Exclusive: Revalidation has failed to make general practice safer, GPs say

Four in five GPs (77%) believe that the introduction of revalidation has not made the profession any safer, a GPonline poll suggests, with many warning it could allow dangerous doctors to 'easily slip through' the net.

Respondents to the GPonline survey of 700 GPs criticised revalidation as ‘another layer of useless medical management’, warning the scheme ‘does not root out bad doctors’.

Four out of five (77%) GPs said that the profession had not become any safer since the introduction of revalidation in December 2012.

Most (86%) UK GPs have now undergone the process for the first time, and all GPs who were on the GMC register in 2012 are projected to have been revalidated by April 2016.

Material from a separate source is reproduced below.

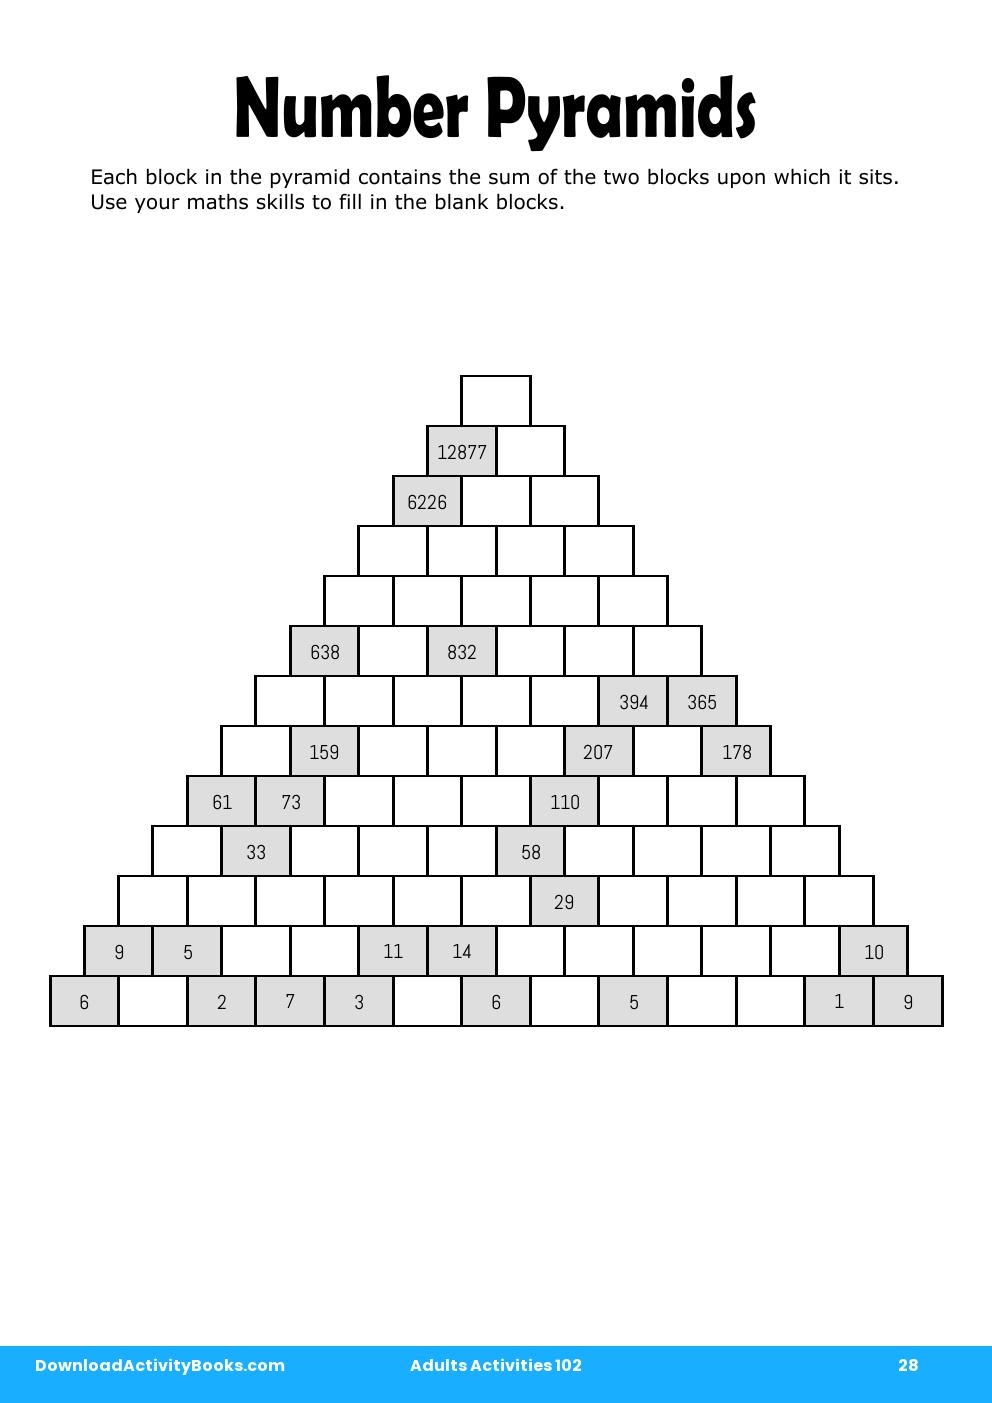 Number Pyramids in Adults Activities 102

Official GMC figures as of December 2015, seen by GPonline, show that there is little variance across the country, with between 83% and 93% of GPs in each NHS England sub region having been revalidated to date.

But many GPs remain unconvinced about the benefits of revalidation.

‘It’s like an exam,’ one GP said. ‘Just because you prepare and perform well on the day, it doesn’t mean your day-to-day practice is any safer.’

In particular, a number of respondents said they believed that serial killer GP Dr Harold Shipman would have had ‘no trouble satisfying appraisal and revalidation criteria'.

Shipman was found guilty in 2000 of murdering 15 of his patients, and was later identified as the killer of 218 patients throughout his career. His total victims are thought to number over 250.

GP revalidation

Just 10% of GP respondents said they believed revalidation had driven up the safety of the profession over the three years it has been in place.

One of these said that revalidation was important to ensure doctors maintained up-to-date knowledge in the ‘ever-changing field’ of medicine.

But another said that although they thought safety had improved as a result of revalidation, the methods were like using a ‘sledgehammer to break a nut’.

Some 13% indicated they were not sure whether the introduction of revalidation had made the GP profession safer.

Fit to practise

Niall Dickson, chief executive of the GMC, said: ‘Revalidation brings all doctors into a clinically governed system where problems can be identified earlier and the quality of care can be improved over time as they are able to gather evidence about their practise and reflect on that evidence.

‘Revalidation is not and has never been about preventing a mass murderer such as Harold Shipman.

'The system, based on annual appraisals, has been designed to make sure doctors treating patients are up to date, competent and fit to practise – more than 93% of GPs are now having annual appraisals – nearly 15% up since revalidation was introduced in 2012.

‘These are early days but the feedback that we have received from doctors and from responsible officers suggests that revalidation is starting to have a positive impact.

'Of course it is not perfect – this is a new and ambitious system – which is why we are reviewing how it is working in practice. We will work with the profession to adjust and develop the process as we take it forward.’